Okay, enough for now.  I’ll be back later once I’ve tested Ehren’s suggestion.  :)

Power Query Security Woes

Recently I’ve been working on automating a business process for a client.  It’s become a really interesting project that uses a mix of Excel tables, Power Query, Power Pivot and VBA, as well as a WinAutomation script.  Before I talk about the issue that is facing me, it would be helpful to provide a bit of background on what we’re doing, and why so many of the Power BI pieces are needed.

Solution Background

My client has a business in which they outsource employees to other companies.  Each of those companies maintains the records of hours, and lets my client download a spreadsheet version of the hours logged by the subcontracted employee.  This is fairly helpful, as my client is the one that pays all of the employees, so getting the hours lets him know who gets paid for how many hours.  Easy enough, right?  But each spreadsheet is in a different format, and that causes a lot of manual entry to try and standardize it into a file that can be uploaded to the payroll processor.

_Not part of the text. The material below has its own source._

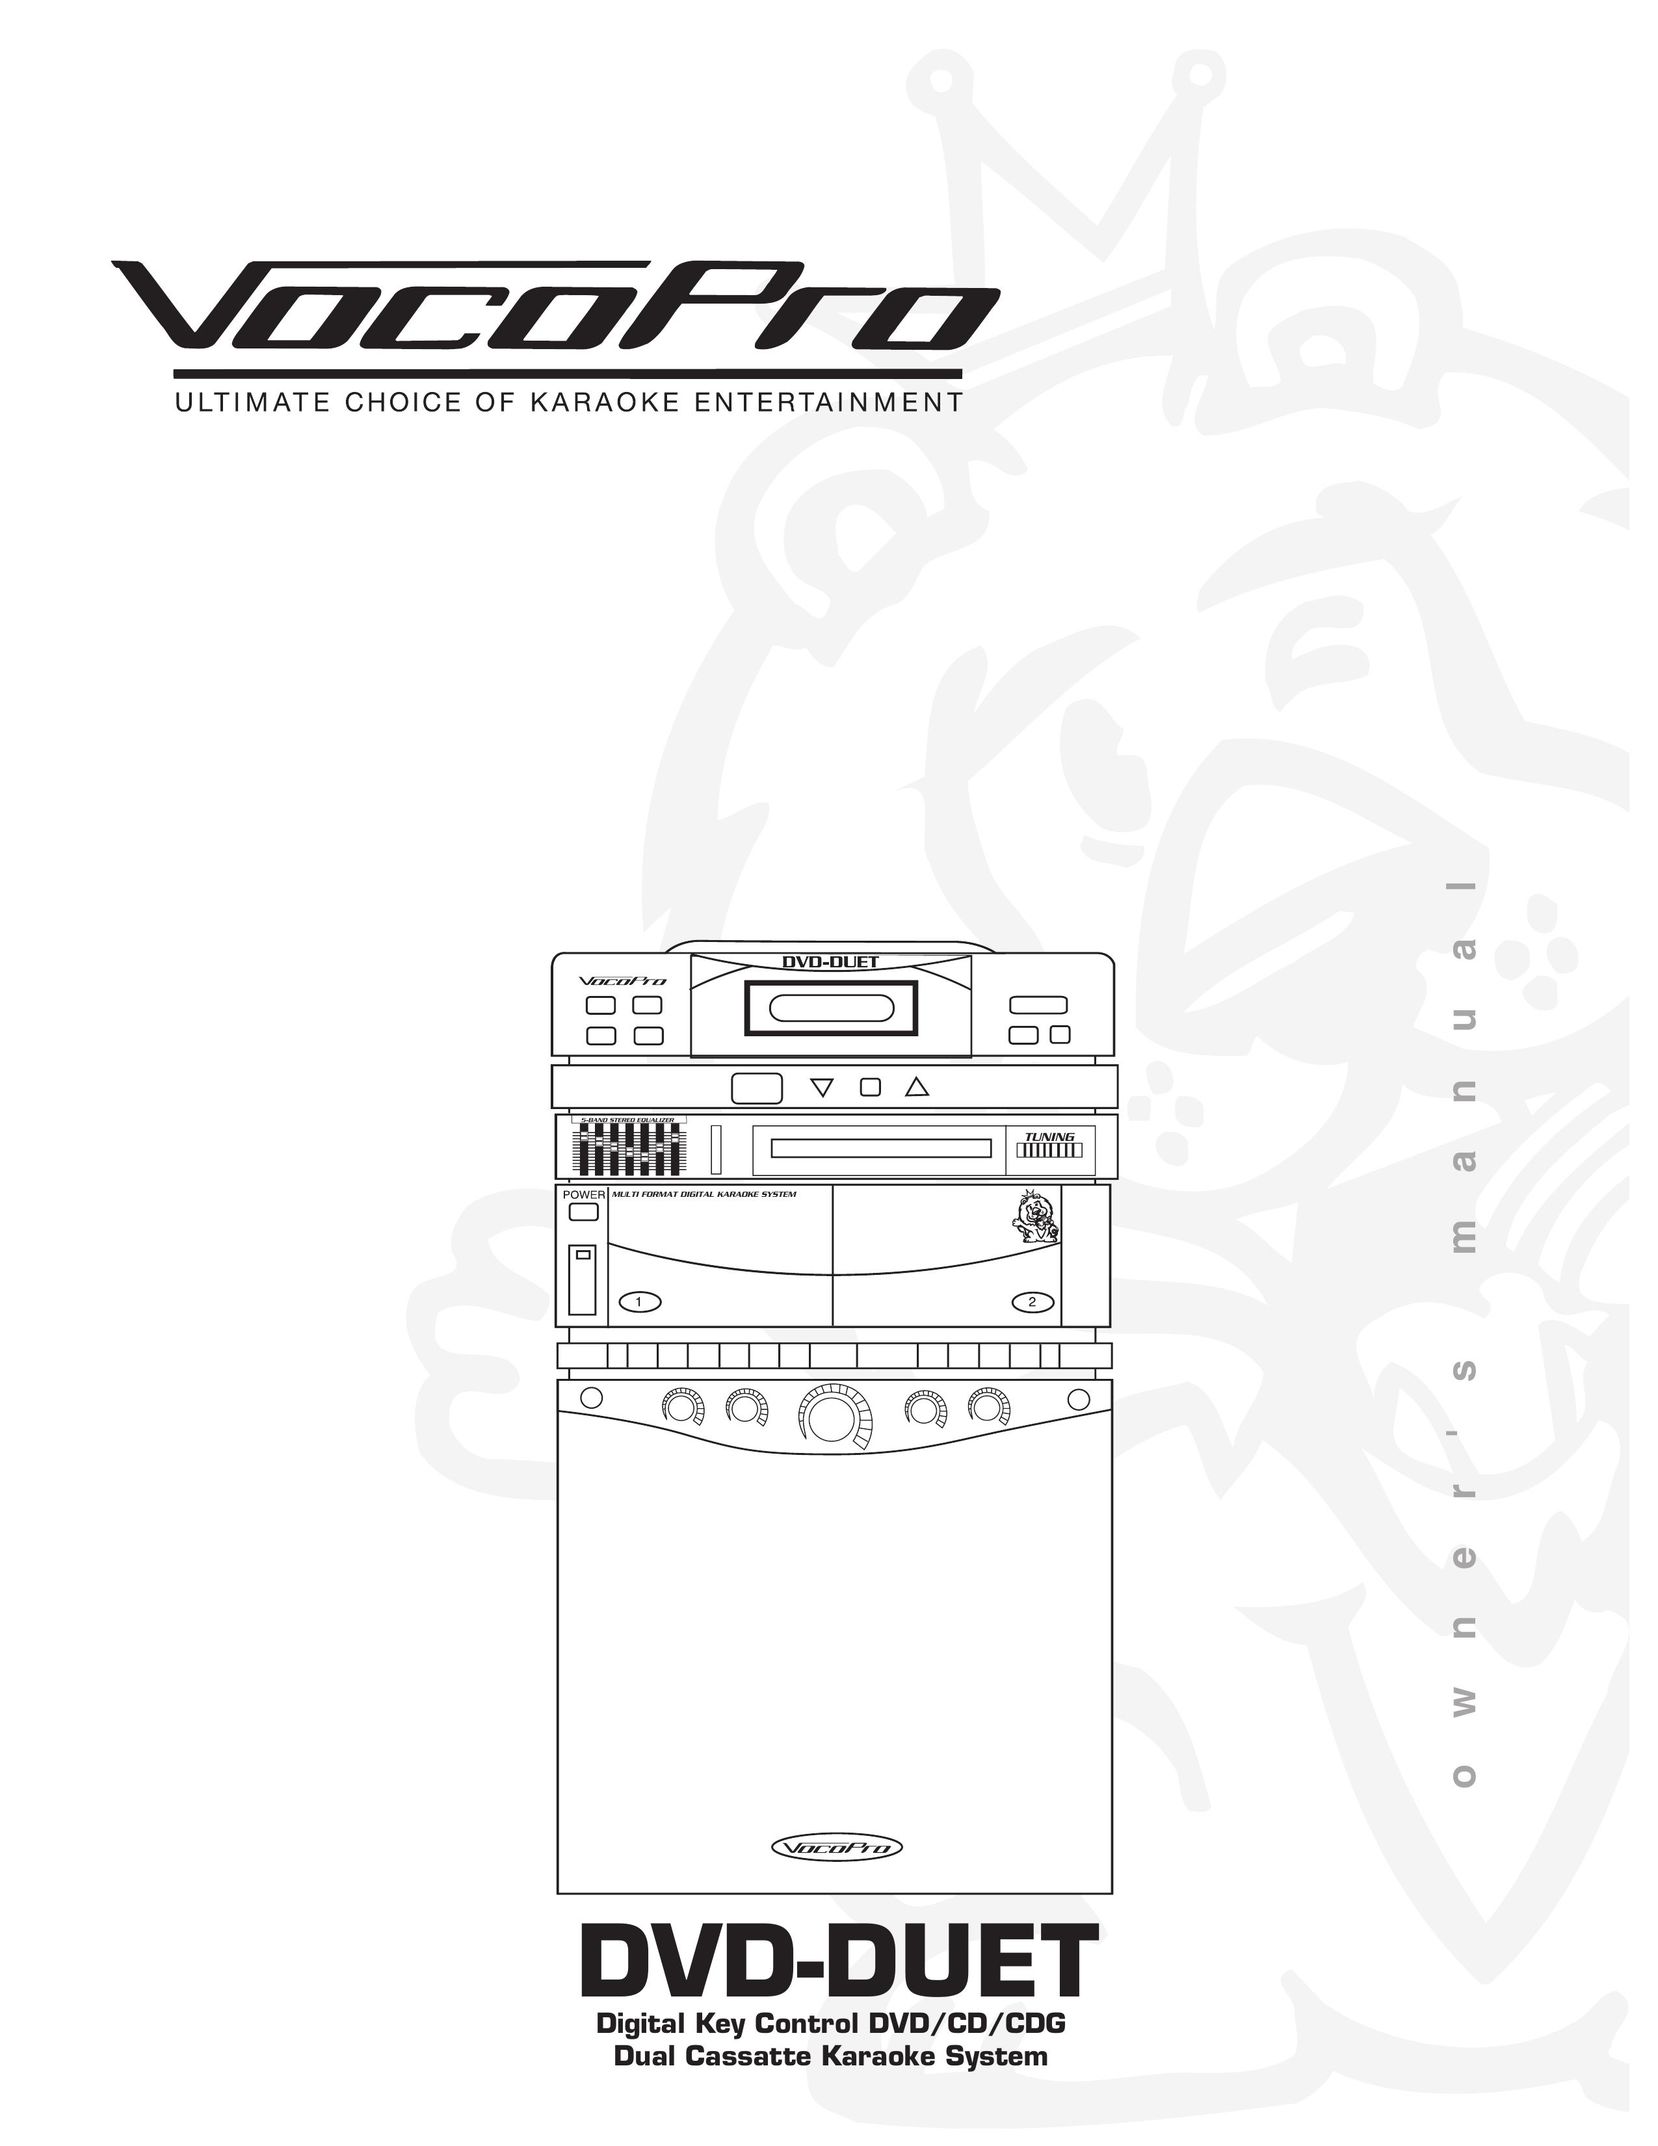 VocoPro DVD-Duet Digital Key Control DVD/CD/CDC Dual Cassette Karaoke System DVD Player User Manual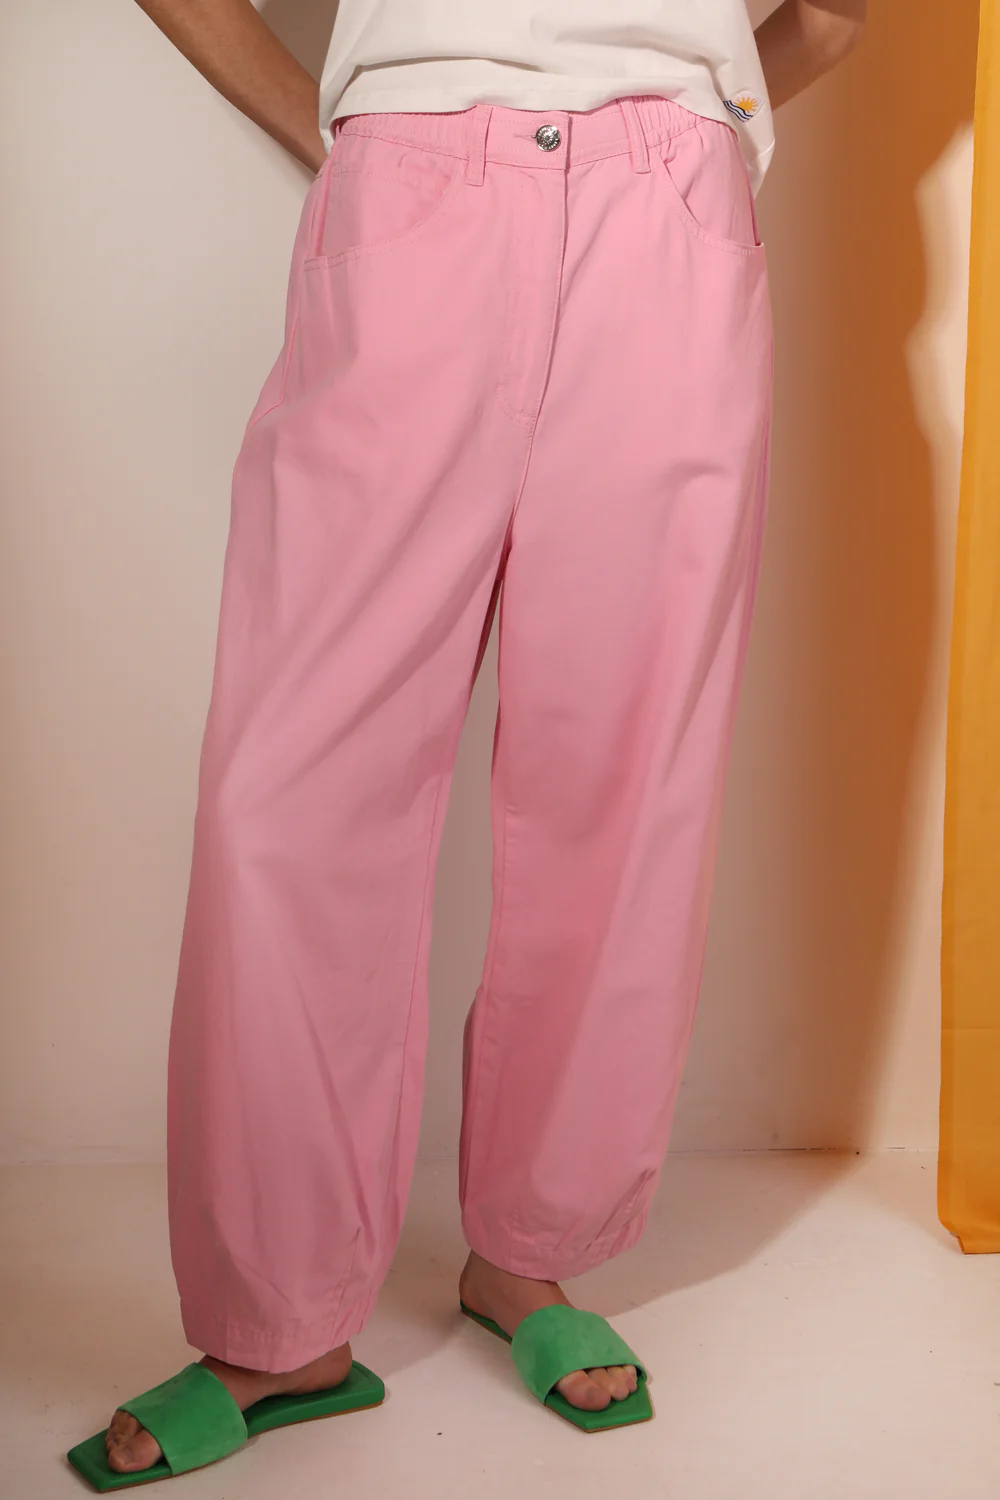 LF Markey Fergus Trousers Bright Pink

So here we enter Power Query.  With Power Query we can import each of the files individually, reformat the data into a consistent set of columns, and output it into a table.

Each pay period we start a new Excel file, and import the data files for that pay period by running a WinAutomation script.  The script logs in to the remote systems, passes the correct parameters to the system, and downloads the Excel and CSV files required.  It then saves them in a subdirectory of our application under the pay period end date.  My Power Query scripts then use the pay period end date, dynamically build a file path to the file and import the data.

It’s beautiful… except…

The Issue

Here’s where the pain begins…  Every time you touch a new data file in Power Query that you haven’t used before you get a security message asking you what type of data (Public, Private or Organizational) you are using.  (You can learn more about those here:  http://office.microsoft.com/en-us/excel-help/privacy-levels-HA104009800.aspx) The issue I have is that each payroll I create new files in a subdirectory, so Power Query sees them as unique.  To that end I can’t just trust the data files once and be done with it.

Now, there is a workaround… just enable the Fast Combine feature.  That kills off the warning and lets them go, but it also has an issue.  This setting is workbook specific, which means that when my VBA saves the master payroll control file under a new name (we preserve history this way) the setting doesn’t stay selected.  Grrr.  Given that there is no way to touch this setting via code, my user has to remember to click the Fast Combine button every time they run the update.  Is it minor?  Sure.  But it’s ridiculous, it gets forgotten, and concerns them when they get the permissions messages.

The Solution We Need

Now don’t get me wrong, I’m all for security, but where it makes sense.  In Office 2007 we got a new macro paradigm that allowed us to trust folders on our computers/networks.  This setting is set on an application level basis, and persists between Excel sessions.  Beautiful, as I can set it to a specific folder and forget it.  I throw trusted files in there, I don’t throw in the ones I don’t know.  It actually allows me to practice safer computing overall.

In my opinion, this setting is drastically lacking in Power Query.  I really need the ability to set my Power Query add-in to have trusted root folders with trusted subfolders.  This would allow me to trust my application’s data directory and not have to remember to click Fast Combine each time I create new files.  It also means that I might pay attention to the message when it does come up in future, as it would be unusual.  Currently I see the error so much I just cancel it and go straight to Fast Combine.  Hmm… kind of like how we set macro security to “Low” in Excel 2003 and earlier to bypass the annoying message, which essentially left us unprotected.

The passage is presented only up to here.